ここ数年、ずっとトリニティに戻っていない私は……トリニティ生徒なのでしょうか?私はまだ、解答を得ていません。
「……まだ、決めておりません」
私が決めかねている様子を見たセリカさんは、明らかに落ち込んだようで。
「あっそ……ま、こんな砂嵐の続く土地じゃ生きづらいものね」
不機嫌でぶっきらぼうに、吐き捨てるように言ってのけました。私の悩みとしても、セリカさんのその姿はとても放っておけるようなものではありませんでした。
「っ、決してそういった理由ではありません!」
「じゃあ、なんなのよ!他に理由なんてないでしょ!」
「あります!こちらに来てください!」
「ちょ、わかった。わかったから、無理に引っ張らないで……」
わたしはセリカさんを部屋へと案内する。セリカさんは部屋につくなり部屋をキョロキョロと見渡して感心していた。
「かなりきれいに片付けてるじゃない」
「えぇ、私は立派なシスターを目指していますから」
「今でも十分立派なシスターだと思うけど……」
「いえ、もっともっとです!」
そんなやり取りをしながら、私は机の方にてくてくと歩いて、大事にしている写真立てを手に取る。
「これを見てほしいんです」
「これは……」
その写真立てには、ガーデニング部でともに過ごした仲間たち__ヒナタさんやサクラコさん、ナギサさんの姿がありました。
「私が悩んでいるのは……トリニティにいる友達を、ずっと放っておいていいのかどうか、です」
「そうだったの……ごめんなさい」
「気にしないでください。よくあることですから」
しばしの気まずさから沈黙が訪れる中。沈黙を先に破ったのはセリカさんだった。
「でも、私は……いつもトリニティ生だって言ってるけど、さ。あなたもアビドスの仲間だと思ってるわ」
「……え?」
それは、思ってもいないことだった。
教会にいるときかけられる言葉といえば自身を『トリニティ』としてひっくるめられて話される事が多いからだ。生徒手帳がトリニティなのだし、アビドスで炊き出しを行う慈善事業自体トリニティ主体で行われているものなので、その評価は当然であり、マリー自身も受け入れていた。その根本を、セリカは否定した。
「どうして、そう思うのですか?」
故に、何より先に疑問の声が上がるのは当然のことだろう。その様子を見たセリカは、こちらもさも当然のようにつづける。

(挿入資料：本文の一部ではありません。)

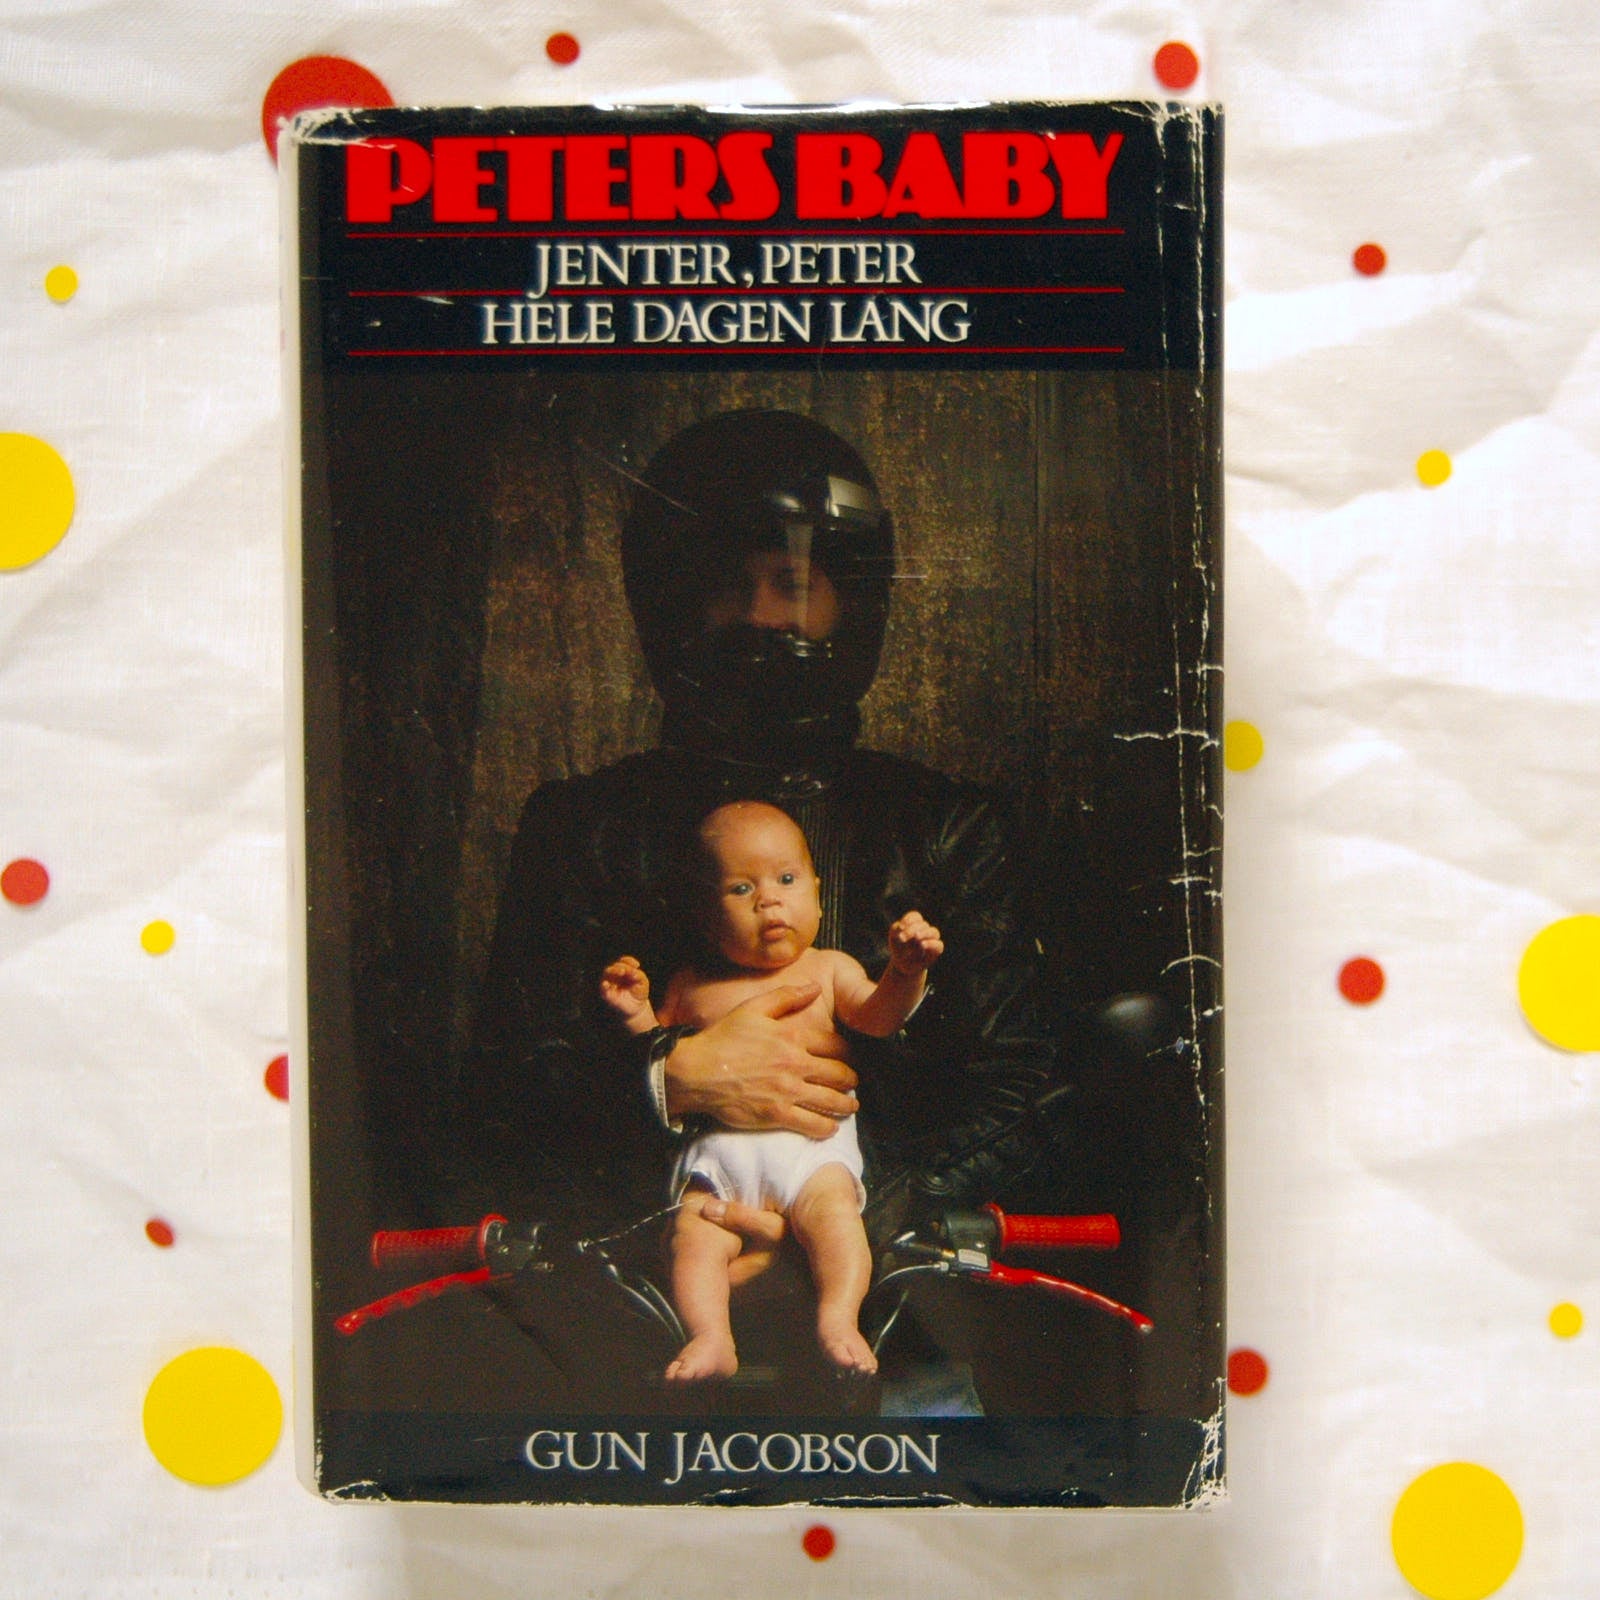 Peter baby /Jenter, Peter / Hele dagen lang av Gun Jacobson

「だってさ。あなたは他の人達と違ってずっとアビドスのために残って、ここで暮らしているじゃない。それで十分よ。それに……」
「それに?」
少し自信のなさ気な私に、セリカにしては珍しく口元を吊り上げて挑戦的な笑みで続けます。
「こんだけアビドスのために尽くしてくれたあなたのことを、トリニティだからって悪く言う奴らは私がコテンパンにしてやるんだから」
私に向けて、セリカさんは自信たっぷりに言い放ちました。そんなセリカさんに、私は戸惑いと困惑と、そして確かな高揚感というか、胸の高鳴りといいますか……奇妙な感覚を覚えながら……絞り出すように答えました。
「ありがとうございます。けど、どうかご無理だけはなさらないでくださいね」
本当にかなり後、高校生になってからある出来事を経て私は気づきました。あの奇妙な感覚は……アビドスの一員として、認められたことに対する喜びだったのだと。